If this is to be regarded as a warranty, it is one, the limitations of which are clearly expressed in the application. It is not an absolute warranty that each answer is true'— but only that the answers are " a just and true exposition of *583all the facts and circumstances in regard to the condition, situation, value and risk of the property, so far as the same are known to the applicant and are material to the risk.” The warranty extends no further. The party applying and the party receiving the application must have understood it as warranting to the extent thus indicated. The knowledge of the applicant, therefore, and the materiality of the facts stated, were properly to be submitted to a jury. Lindsey v. Union Mutual Fire Insurance Company, 3 R. I., 157.

In reference to the statement in regard to ventilation, it may be observed, that it is not responsive to any inquiry, and, in such case, the burden of proof is on the insurance company to show its materiality and falsity. And these are to be determined by a jury. Daniels v. Hudson River Fire Insurance Company, 12 Cush, 417.

If it be doubtful from the words of a policy, whether certain statements made by the applicant relative to the subject of insurance are to be regarded as warranties or as representations, they will be regarded as the' latter. Wilson v. The Conway Fire Ins. Co., 4 R. I., 143. A statement in an application for insurance is to be considered a represents ation rather than a warranty, unless it is clearly made a warranty by the terms of the policy or by some direct reference thereto. Daniels v. Hudson River Ins. Co., 12 Cush., 416.
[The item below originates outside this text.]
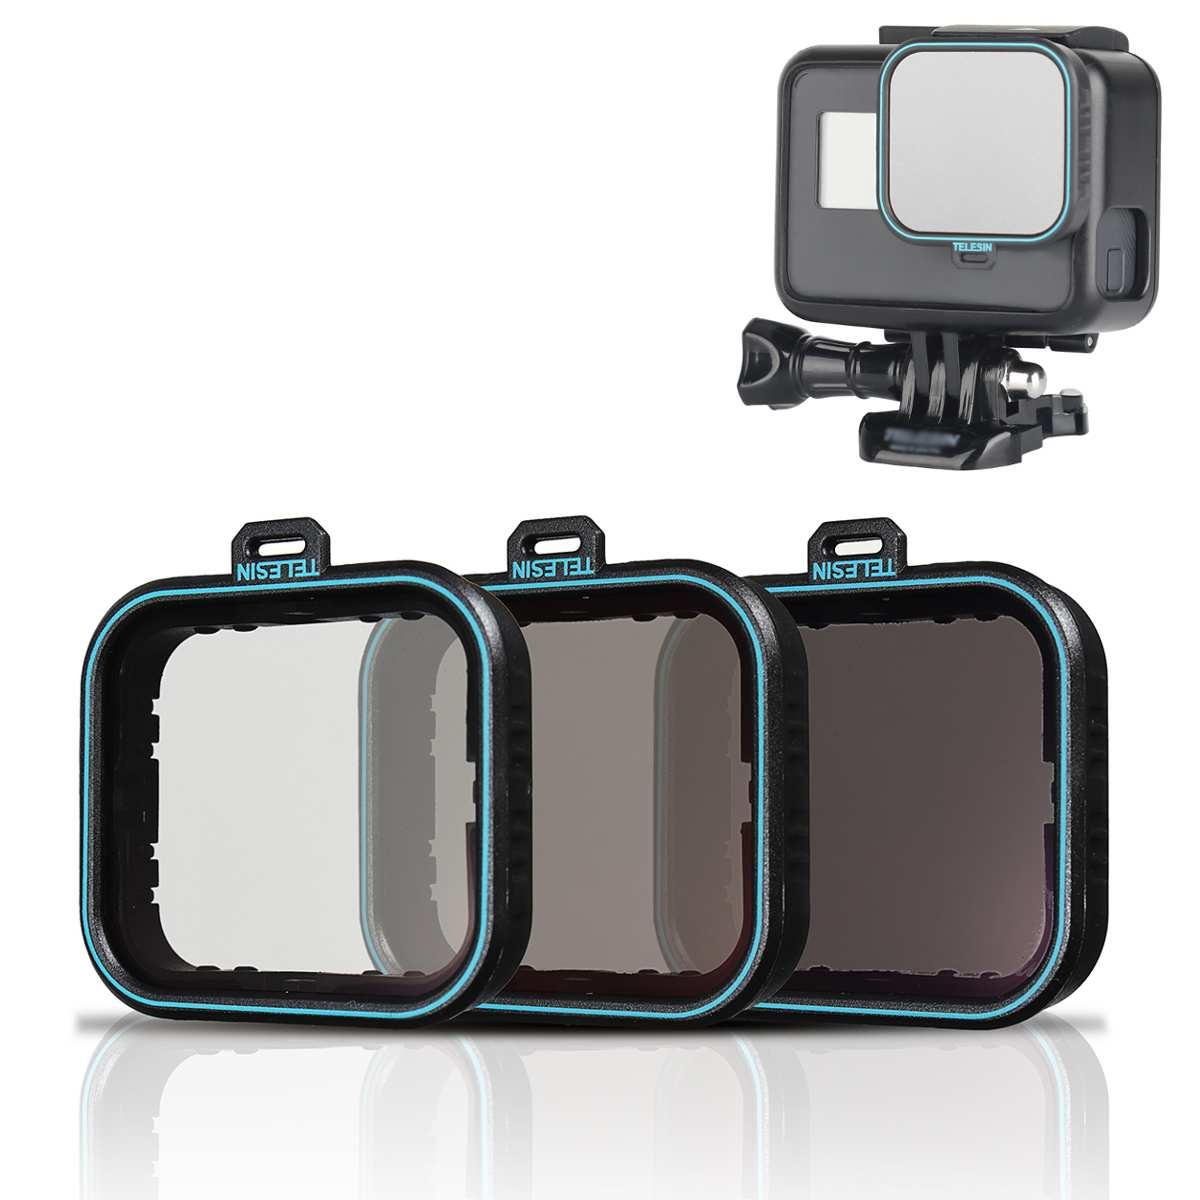 Suppion 1PC ND4-PL//ND8-PL//ND16-PL//ND32-PL//ND64-PL Camera Lens Filters for DJI OSMO Pocket

That the answers referred to in the exceptions' should be deemed representations, they being so termed in the policy, would seem hardly to be a matter of doubt, according to the case of Houghton v. Manufacturers' M. F. Ins. Co., 8 Met., 114. So too, in Elliot v. Hamilton M. F. Ins. Co., 13 Gray, 139, the same Court held language almost identically similar to that used in the present case, to be a representation rather than a warranty, and referred the materiality and truth of the answers to the determination of a jury.

But whether the answers are to be deemed representations or warranties limited in their character, their materiality *584and truth were necessarily to be passed upon by a jury. If they were representations, it is not contested that such should be the case. If they were warranties, if the statements were immaterial, the plaintiff was not to be deprived of his policy. The limitation imposed, was, "so far as known to the applicant and material to the risk,” and, with this limitation, the warranty is found not to have been broken. Exceptions overruled.

Rice, Davis, Kent and Walton, JJ., concurred.